*** Opening MATERIAL SHOWN ***

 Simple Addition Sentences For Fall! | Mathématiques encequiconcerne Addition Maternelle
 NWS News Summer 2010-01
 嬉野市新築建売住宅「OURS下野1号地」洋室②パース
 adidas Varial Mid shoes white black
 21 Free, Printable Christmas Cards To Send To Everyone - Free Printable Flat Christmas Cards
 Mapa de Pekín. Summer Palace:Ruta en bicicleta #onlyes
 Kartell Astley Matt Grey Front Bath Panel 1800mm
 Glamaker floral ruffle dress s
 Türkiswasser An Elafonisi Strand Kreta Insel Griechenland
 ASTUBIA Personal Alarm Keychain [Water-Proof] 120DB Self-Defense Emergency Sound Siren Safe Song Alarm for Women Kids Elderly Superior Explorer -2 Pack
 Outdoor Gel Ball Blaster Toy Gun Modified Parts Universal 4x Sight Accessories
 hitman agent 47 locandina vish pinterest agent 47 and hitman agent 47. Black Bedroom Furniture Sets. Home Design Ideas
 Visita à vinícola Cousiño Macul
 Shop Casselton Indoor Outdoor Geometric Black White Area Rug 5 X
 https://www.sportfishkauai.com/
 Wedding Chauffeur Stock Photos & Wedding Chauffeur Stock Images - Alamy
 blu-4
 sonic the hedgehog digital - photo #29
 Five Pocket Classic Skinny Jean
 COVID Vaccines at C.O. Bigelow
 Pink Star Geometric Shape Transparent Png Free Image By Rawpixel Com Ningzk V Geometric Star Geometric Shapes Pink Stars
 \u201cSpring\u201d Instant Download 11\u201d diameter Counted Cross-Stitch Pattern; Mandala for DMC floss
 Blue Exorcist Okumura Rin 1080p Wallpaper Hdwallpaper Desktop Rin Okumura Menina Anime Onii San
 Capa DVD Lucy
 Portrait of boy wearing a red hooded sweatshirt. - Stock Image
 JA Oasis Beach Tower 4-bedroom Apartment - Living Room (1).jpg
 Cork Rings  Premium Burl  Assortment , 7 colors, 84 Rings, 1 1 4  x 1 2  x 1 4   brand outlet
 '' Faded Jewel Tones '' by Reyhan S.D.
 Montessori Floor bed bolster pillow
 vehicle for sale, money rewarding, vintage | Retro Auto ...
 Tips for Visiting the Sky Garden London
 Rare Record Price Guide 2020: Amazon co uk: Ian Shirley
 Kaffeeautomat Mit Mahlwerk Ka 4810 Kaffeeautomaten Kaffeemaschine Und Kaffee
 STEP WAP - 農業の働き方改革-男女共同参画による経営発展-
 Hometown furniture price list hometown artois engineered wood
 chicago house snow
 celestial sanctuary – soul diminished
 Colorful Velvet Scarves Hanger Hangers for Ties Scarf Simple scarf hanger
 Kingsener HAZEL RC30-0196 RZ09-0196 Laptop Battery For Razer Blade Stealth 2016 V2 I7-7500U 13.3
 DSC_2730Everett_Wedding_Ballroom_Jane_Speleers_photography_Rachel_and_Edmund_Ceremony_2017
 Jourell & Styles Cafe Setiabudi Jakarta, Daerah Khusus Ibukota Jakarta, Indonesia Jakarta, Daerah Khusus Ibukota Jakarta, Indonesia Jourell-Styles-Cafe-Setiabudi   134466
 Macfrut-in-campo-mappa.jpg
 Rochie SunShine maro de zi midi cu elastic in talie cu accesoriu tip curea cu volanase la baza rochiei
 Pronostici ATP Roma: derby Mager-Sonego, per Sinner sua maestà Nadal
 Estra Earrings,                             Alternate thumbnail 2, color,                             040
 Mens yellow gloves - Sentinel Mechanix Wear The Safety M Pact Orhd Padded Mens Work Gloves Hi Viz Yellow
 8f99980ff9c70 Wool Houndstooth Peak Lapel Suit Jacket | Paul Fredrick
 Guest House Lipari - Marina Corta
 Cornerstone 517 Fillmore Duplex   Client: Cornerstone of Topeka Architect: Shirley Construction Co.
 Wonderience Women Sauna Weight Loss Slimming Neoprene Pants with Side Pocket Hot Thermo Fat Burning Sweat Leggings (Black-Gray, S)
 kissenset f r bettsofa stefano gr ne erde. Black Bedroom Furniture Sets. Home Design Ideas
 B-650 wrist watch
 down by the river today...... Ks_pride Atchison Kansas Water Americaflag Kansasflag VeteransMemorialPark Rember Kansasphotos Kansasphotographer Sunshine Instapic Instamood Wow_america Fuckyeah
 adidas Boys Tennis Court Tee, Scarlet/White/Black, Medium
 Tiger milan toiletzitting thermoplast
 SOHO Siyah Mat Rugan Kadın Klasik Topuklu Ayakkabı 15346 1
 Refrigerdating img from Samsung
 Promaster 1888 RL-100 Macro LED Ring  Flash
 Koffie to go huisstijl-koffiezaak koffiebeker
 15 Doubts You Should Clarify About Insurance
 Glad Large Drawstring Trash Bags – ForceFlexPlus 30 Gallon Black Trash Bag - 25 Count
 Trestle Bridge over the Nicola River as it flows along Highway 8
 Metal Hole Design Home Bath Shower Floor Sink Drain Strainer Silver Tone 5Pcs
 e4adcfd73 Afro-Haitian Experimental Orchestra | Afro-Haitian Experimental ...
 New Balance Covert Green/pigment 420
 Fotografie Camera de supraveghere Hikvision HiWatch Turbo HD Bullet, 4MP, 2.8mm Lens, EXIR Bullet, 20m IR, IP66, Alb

*** Closing MATERIAL SHOWN ***

THE TASK: Check each line of the entries for "Summer" and copy those that have it.

EXERCISE OUTPUT:
 NWS News Summer 2010-01
 Mapa de Pekín. Summer Palace:Ruta en bicicleta #onlyes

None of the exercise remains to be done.